-- STORED DATA --
▬▬▬▬▬▬
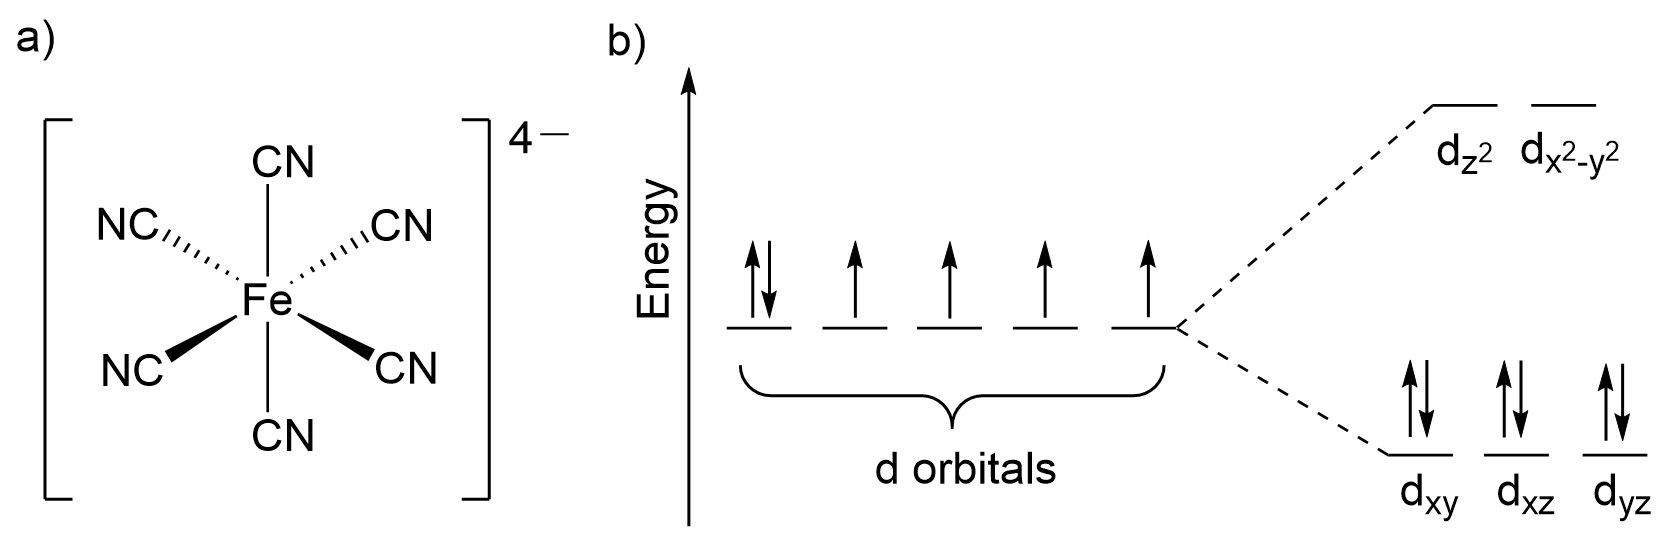 a) Октаэдрический комплекс железа(II), b) энергетическая диаграмма расщепления d-орбиталей.
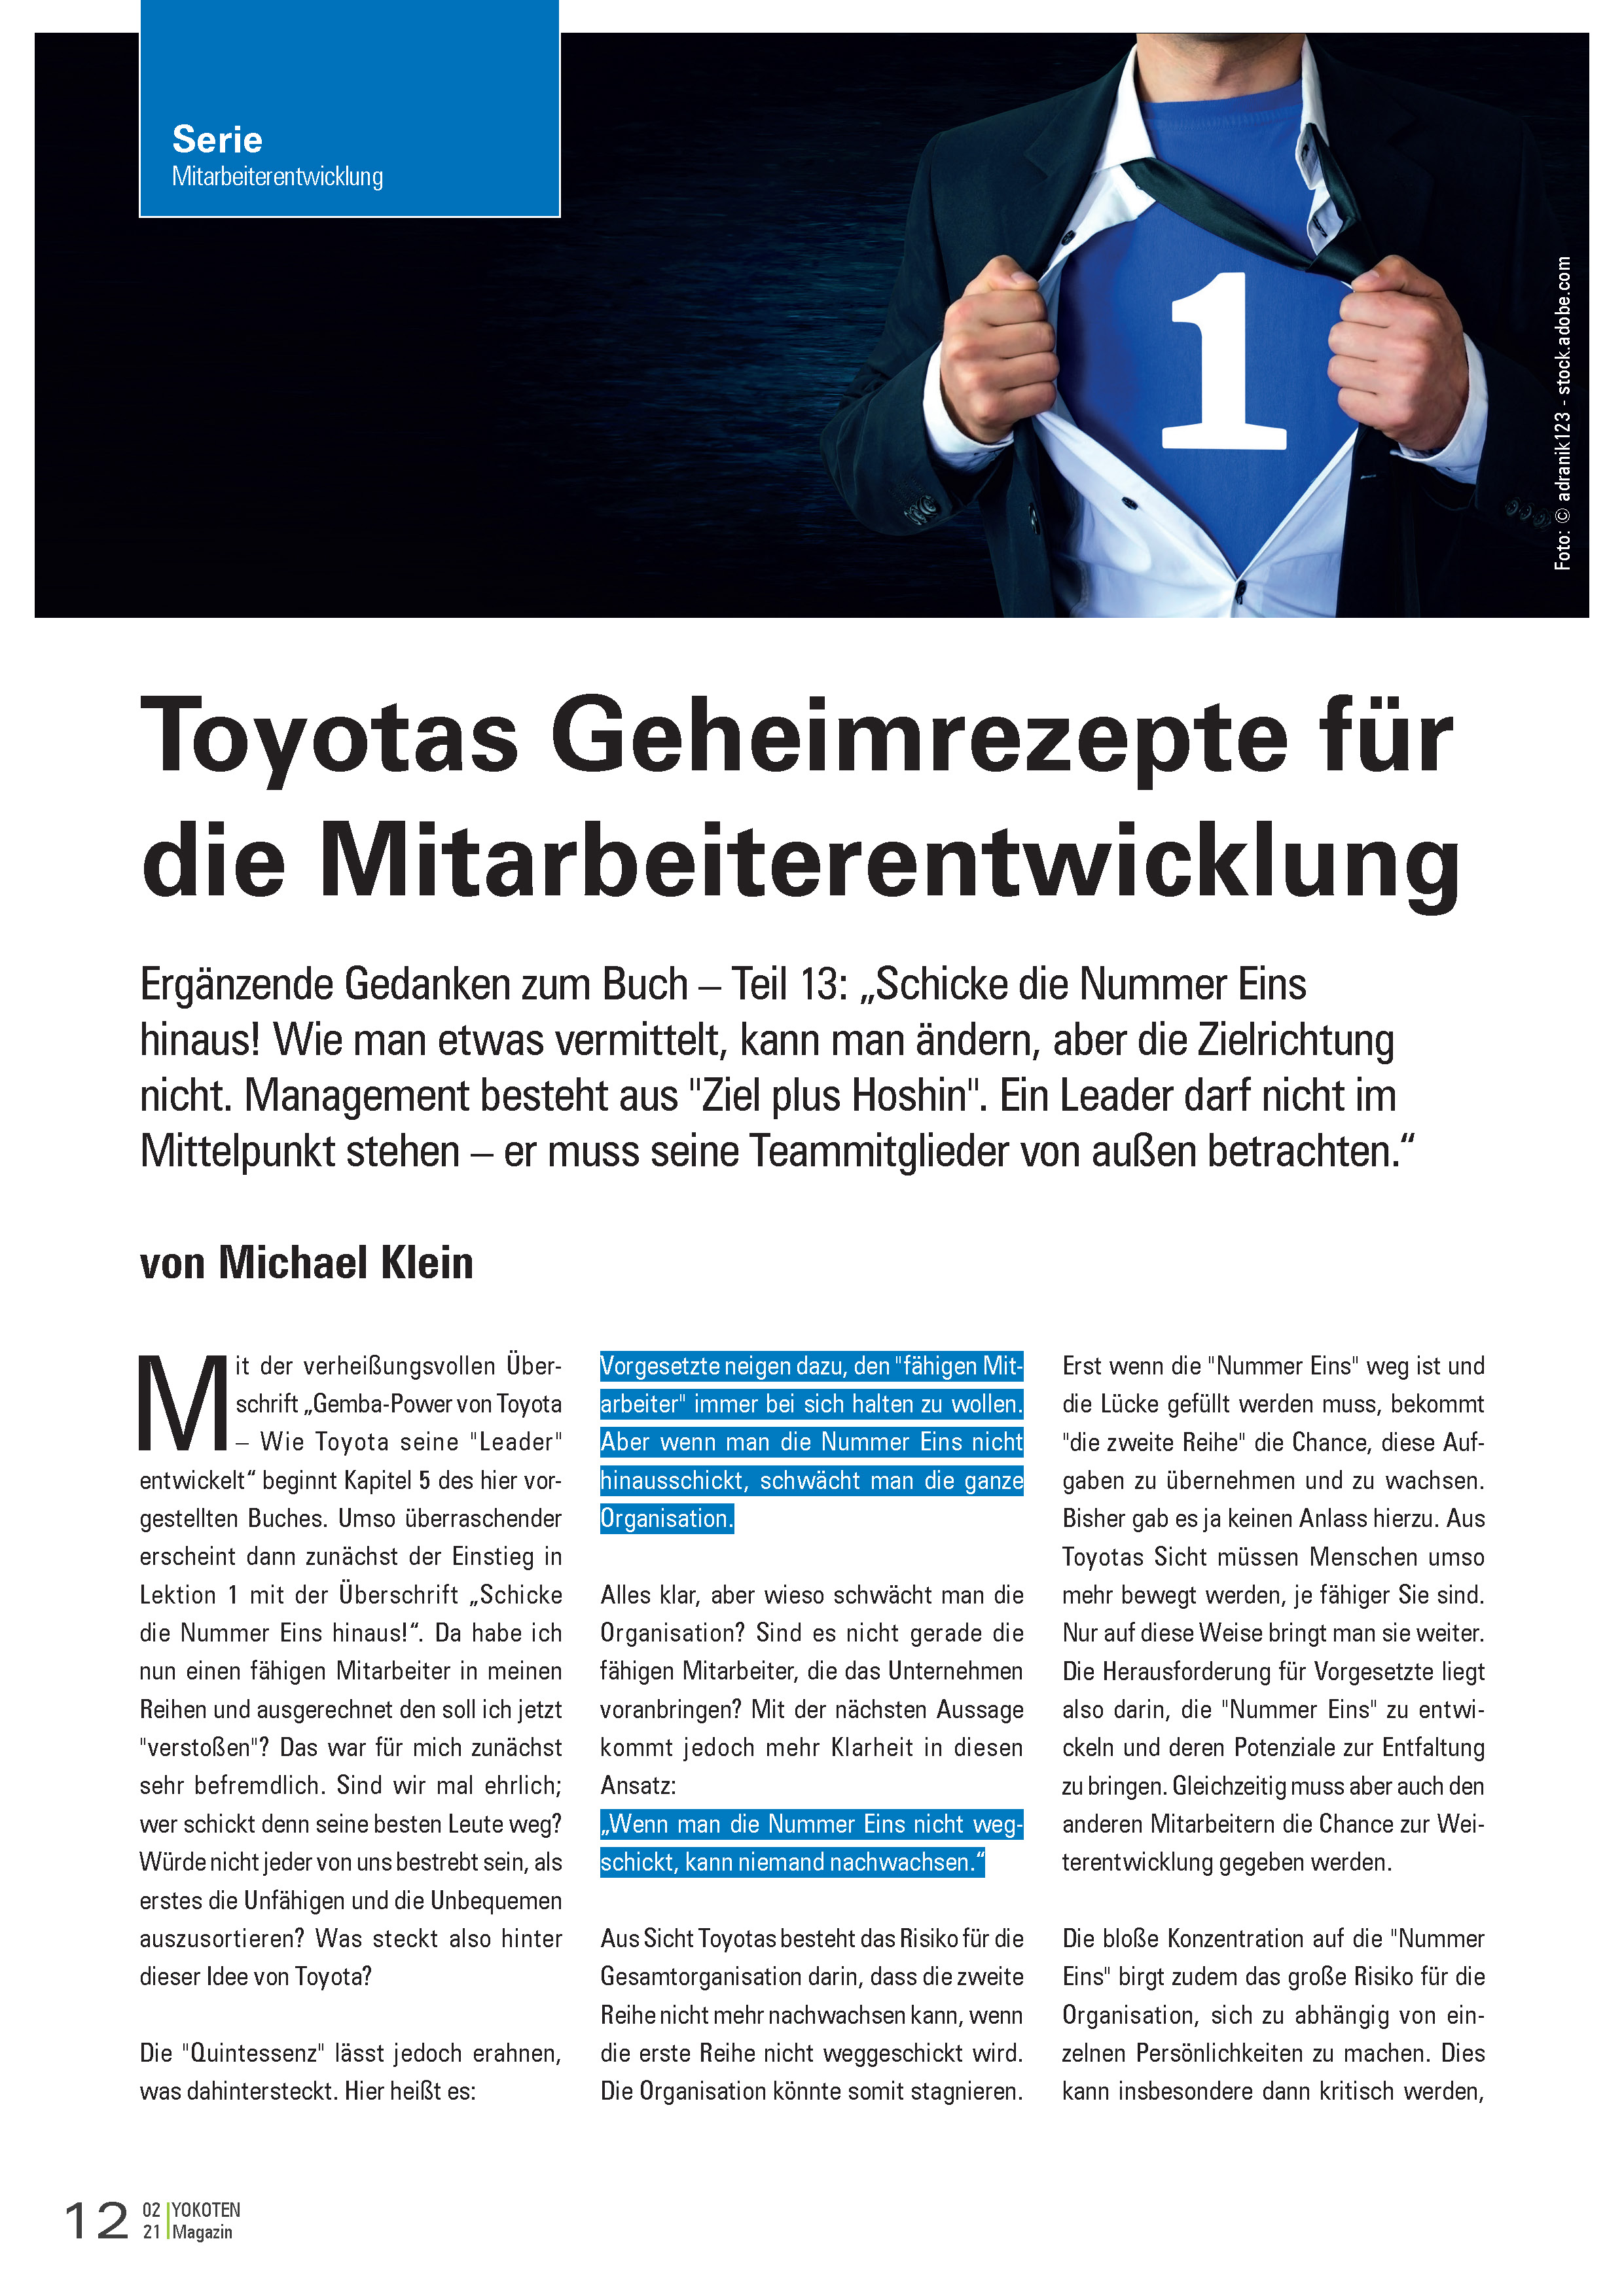 Toyotas Geheimrezepte für die Mitarbeiterentwicklung Teil 13 - Artikel aus Fachmagazin YOKOTEN 2021-02
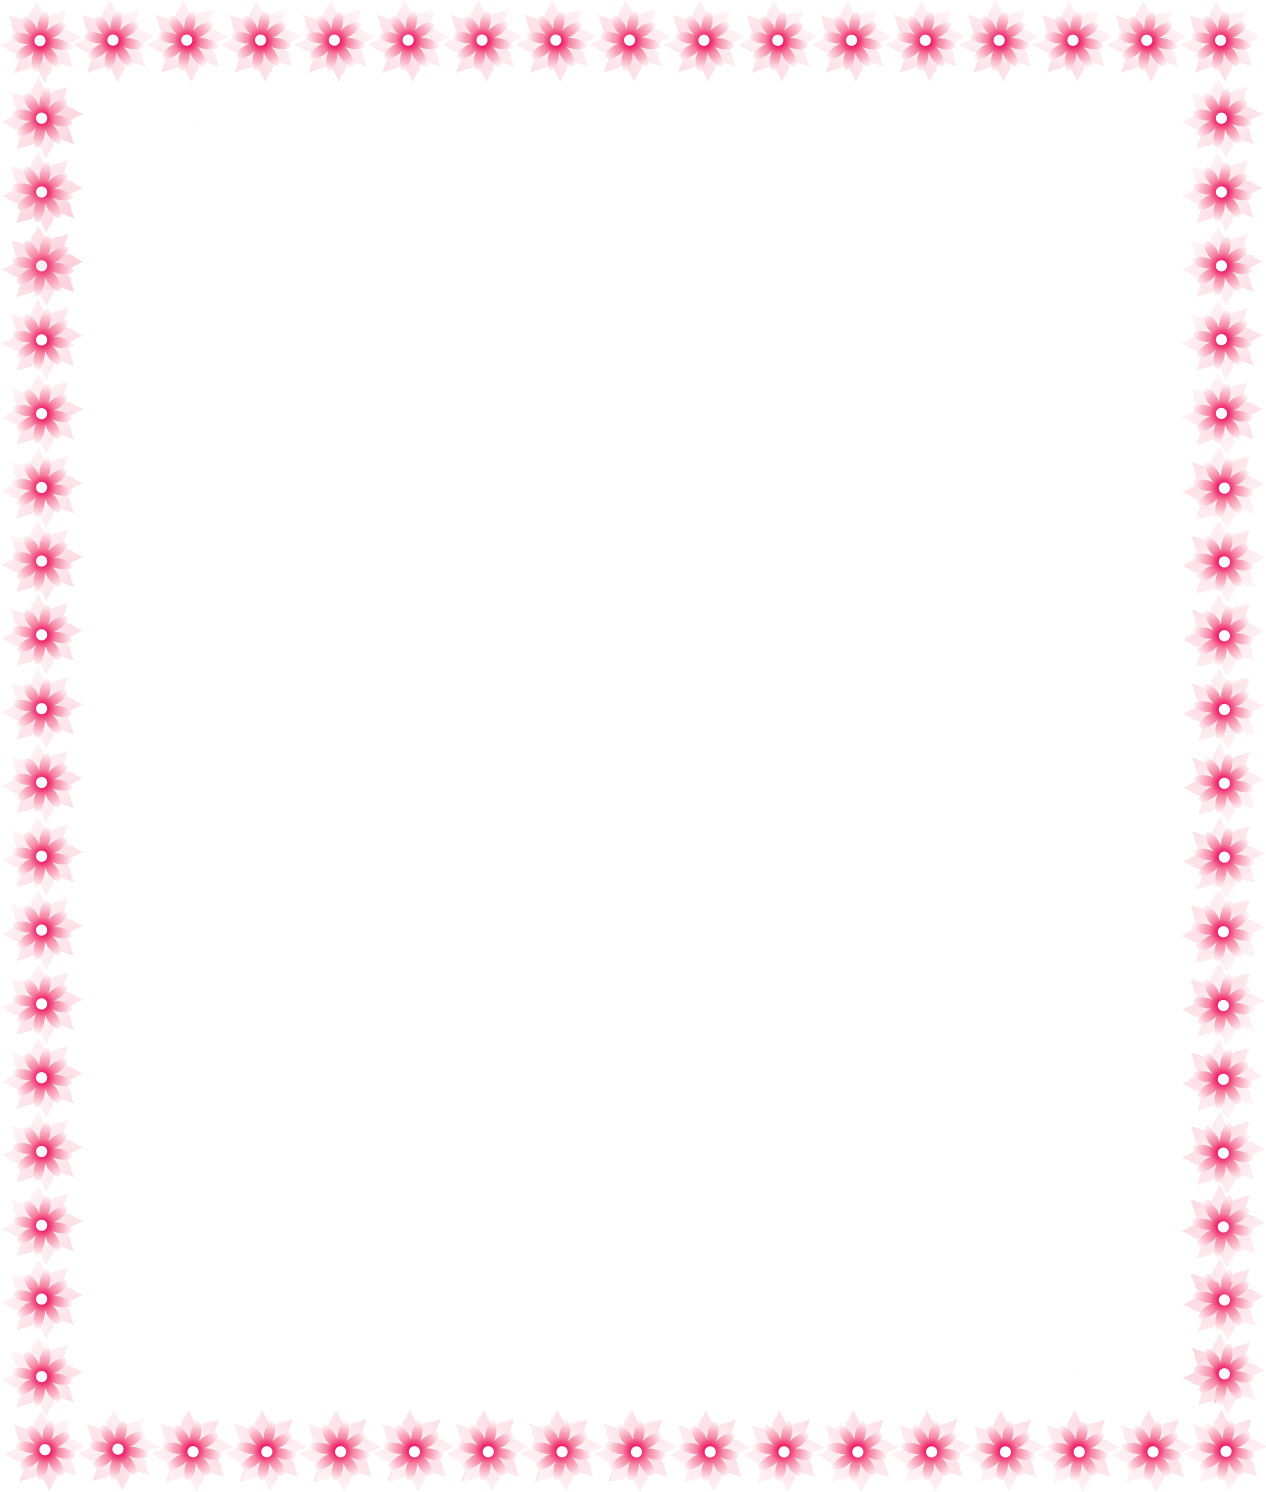 フレーム 囲い枠のイラストno 578 ピンクの花のフレーム 無料のフリー素材集
▬▬▬▬▬▬
-- ASSIGNMENT --
What is needed is an exact copy of the data, with the pictures removed.

-- TASK SOLUTION --
 a) Октаэдрический комплекс железа(II), b) энергетическая диаграмма расщепления d-орбиталей.
 Toyotas Geheimrezepte für die Mitarbeiterentwicklung Teil 13 - Artikel aus Fachmagazin YOKOTEN 2021-02
 フレーム 囲い枠のイラストno 578 ピンクの花のフレーム 無料のフリー素材集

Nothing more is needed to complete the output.